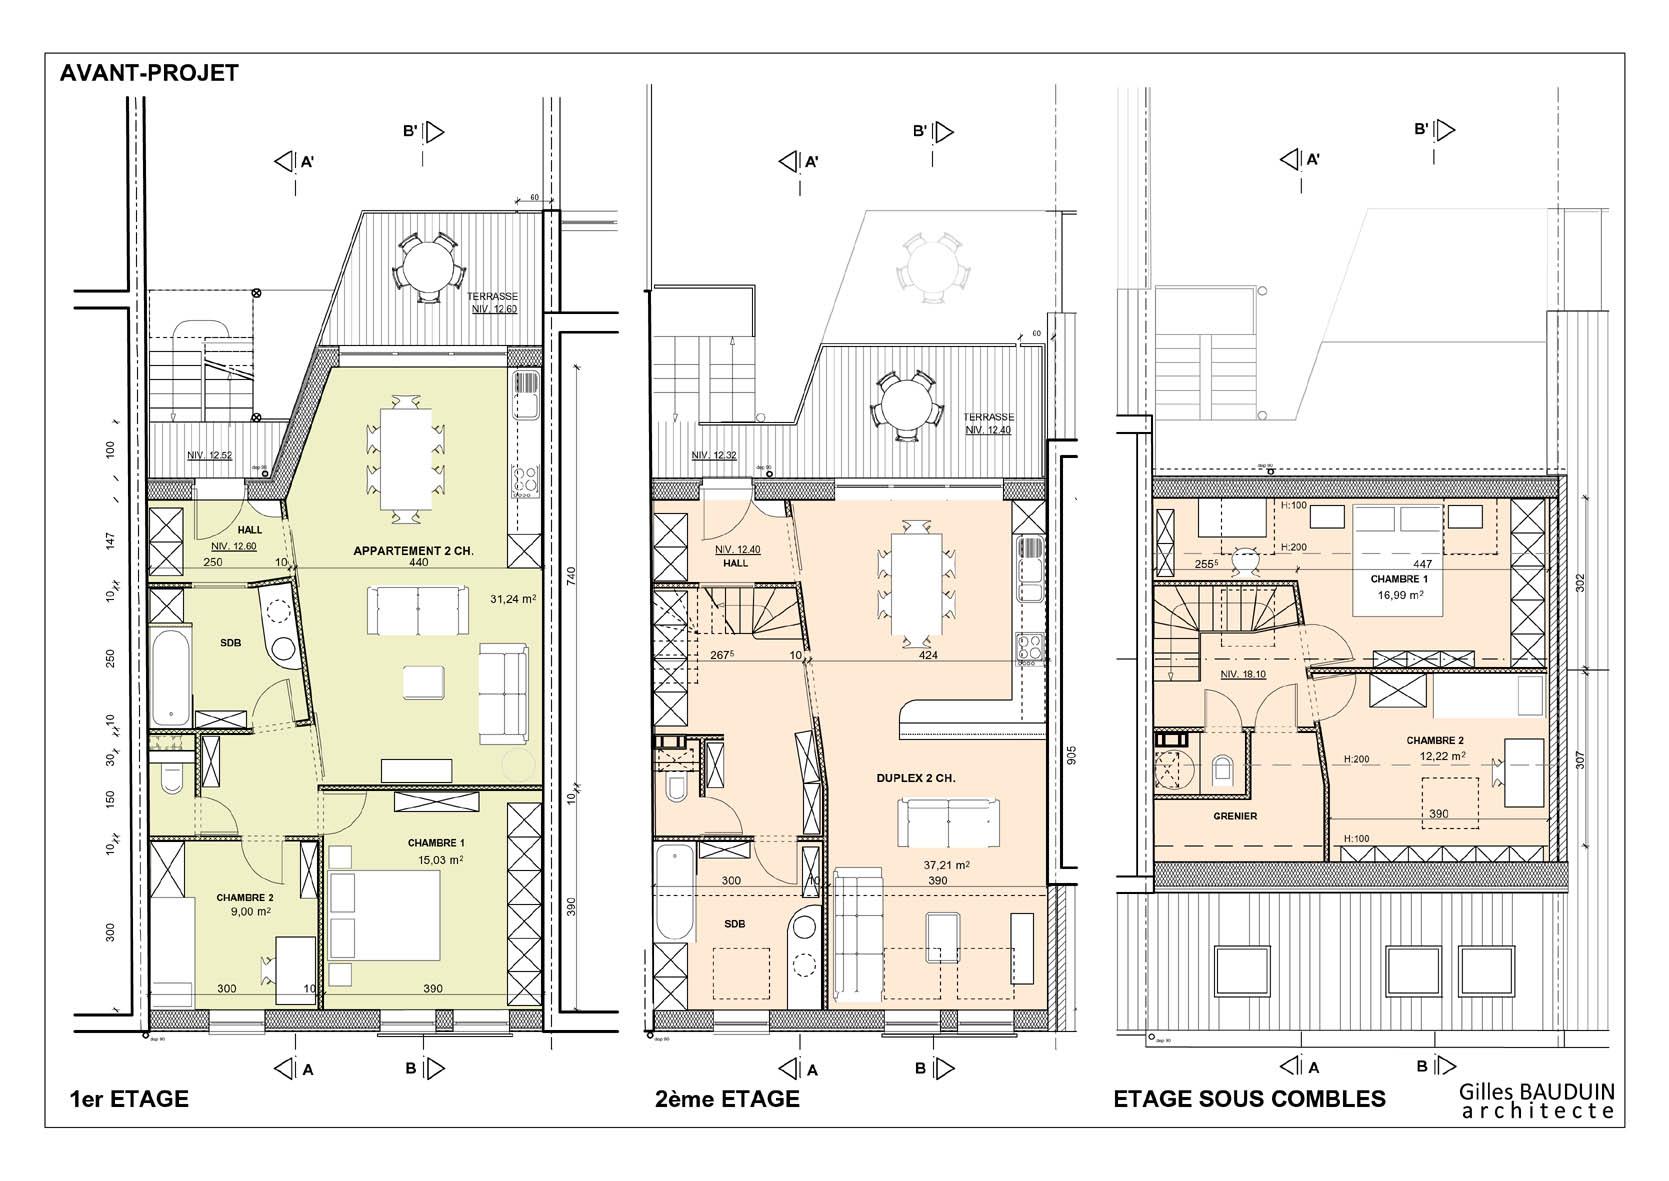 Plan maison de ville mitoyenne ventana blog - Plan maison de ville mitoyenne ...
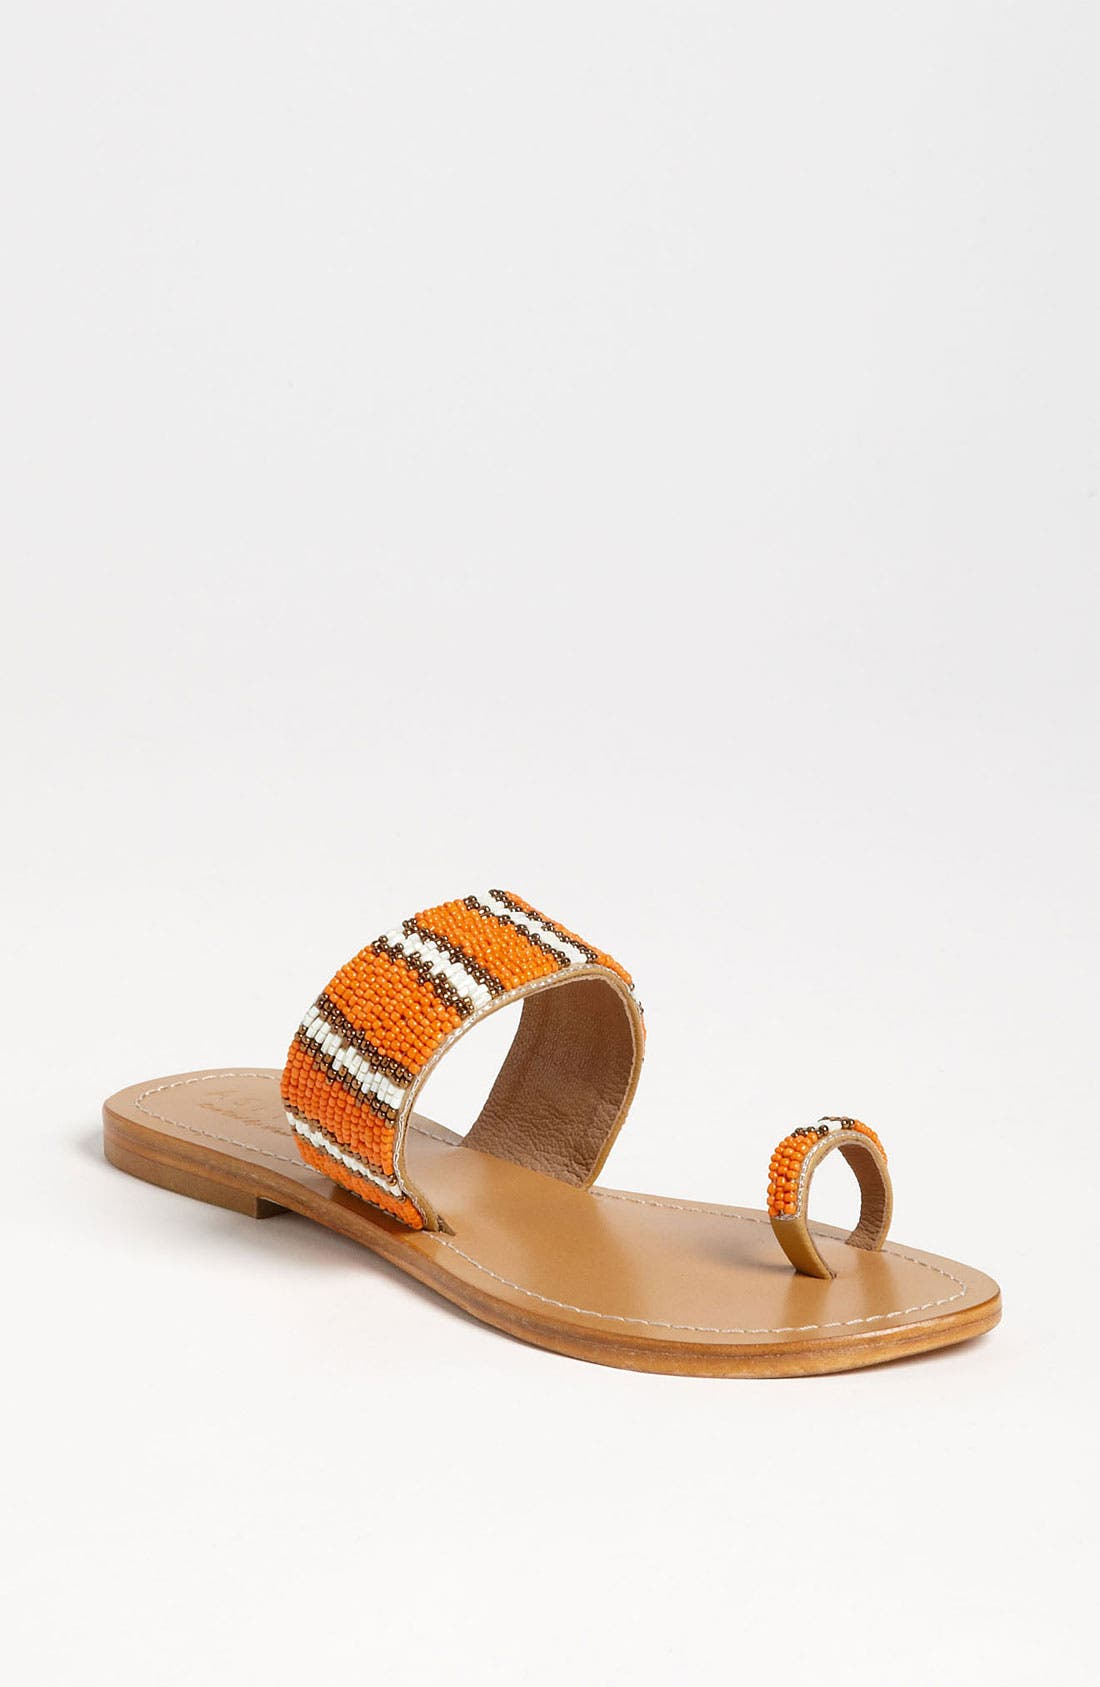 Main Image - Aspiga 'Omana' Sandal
+===+
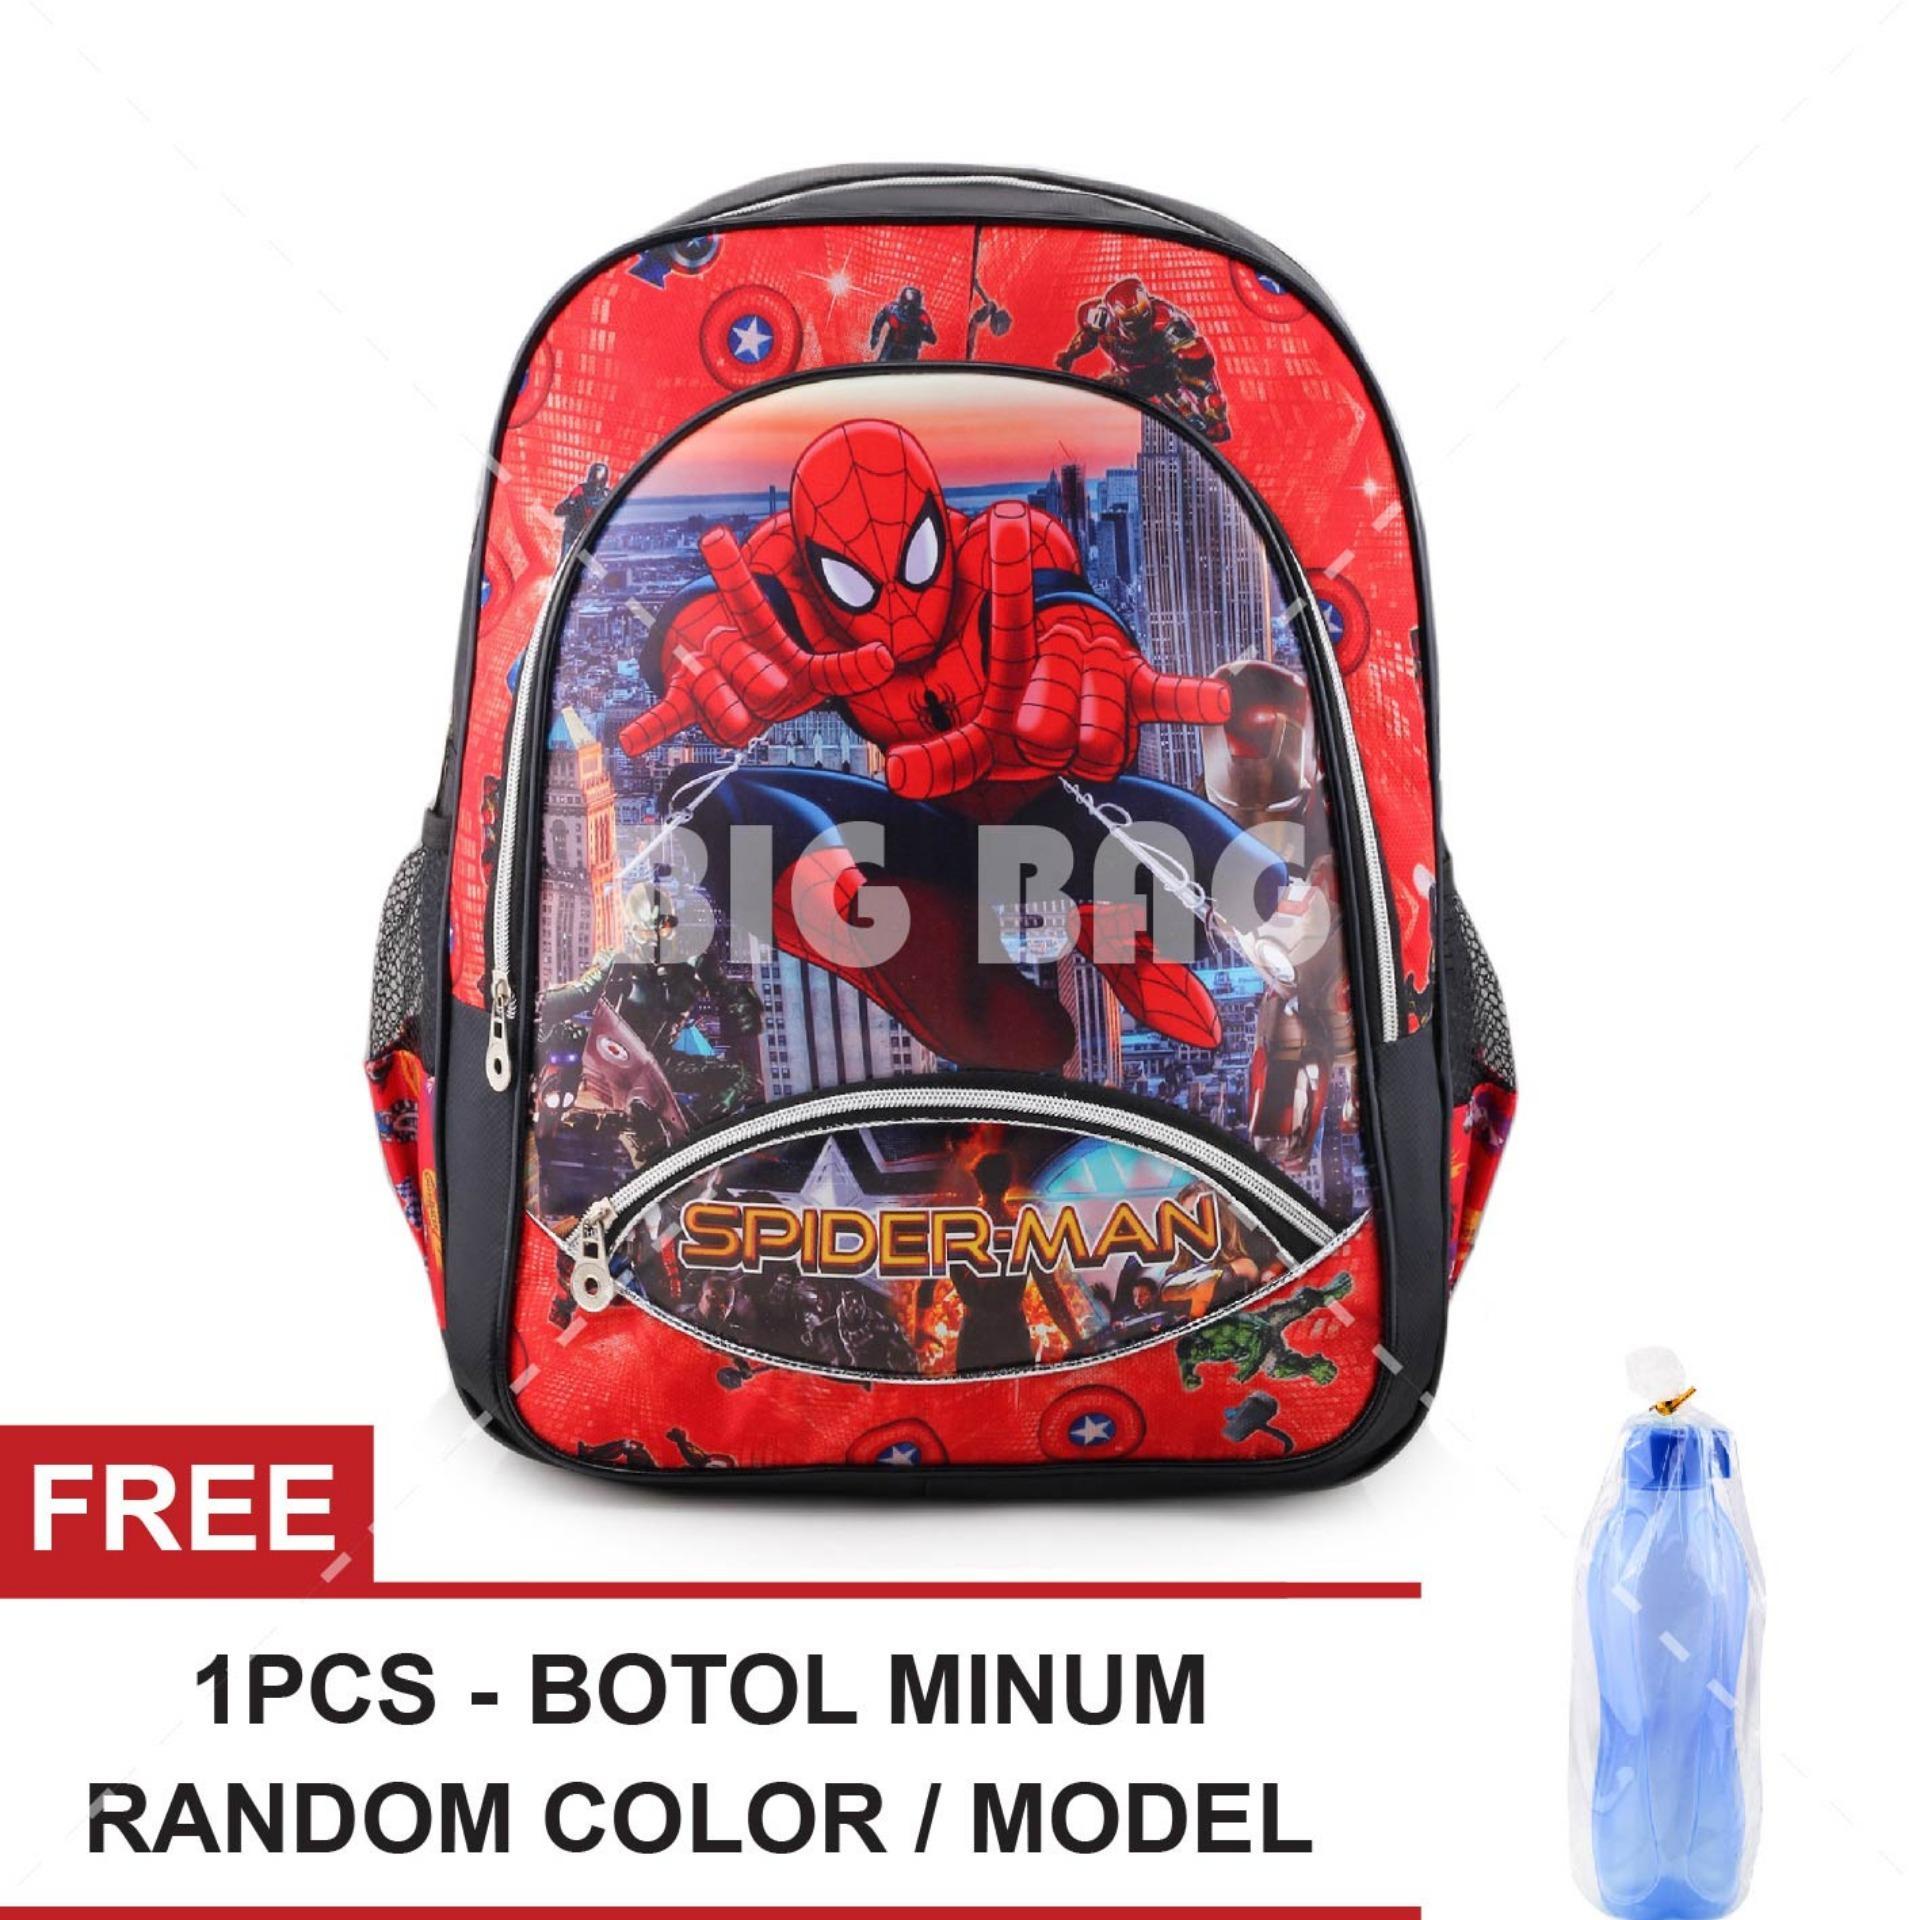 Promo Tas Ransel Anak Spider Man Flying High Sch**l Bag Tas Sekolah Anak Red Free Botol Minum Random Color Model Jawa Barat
+===+
## Problem details
Between and including the line with "Plan maison de ville mitoyenne ventana" and the line with "Main Image - Aspiga 'Omana' Sandal", repeat every line exactly as it appears above, with pictures left out.

## Answer area
 Plan maison de ville mitoyenne ventana blog - Plan maison de ville mitoyenne ...
 Main Image - Aspiga 'Omana' Sandal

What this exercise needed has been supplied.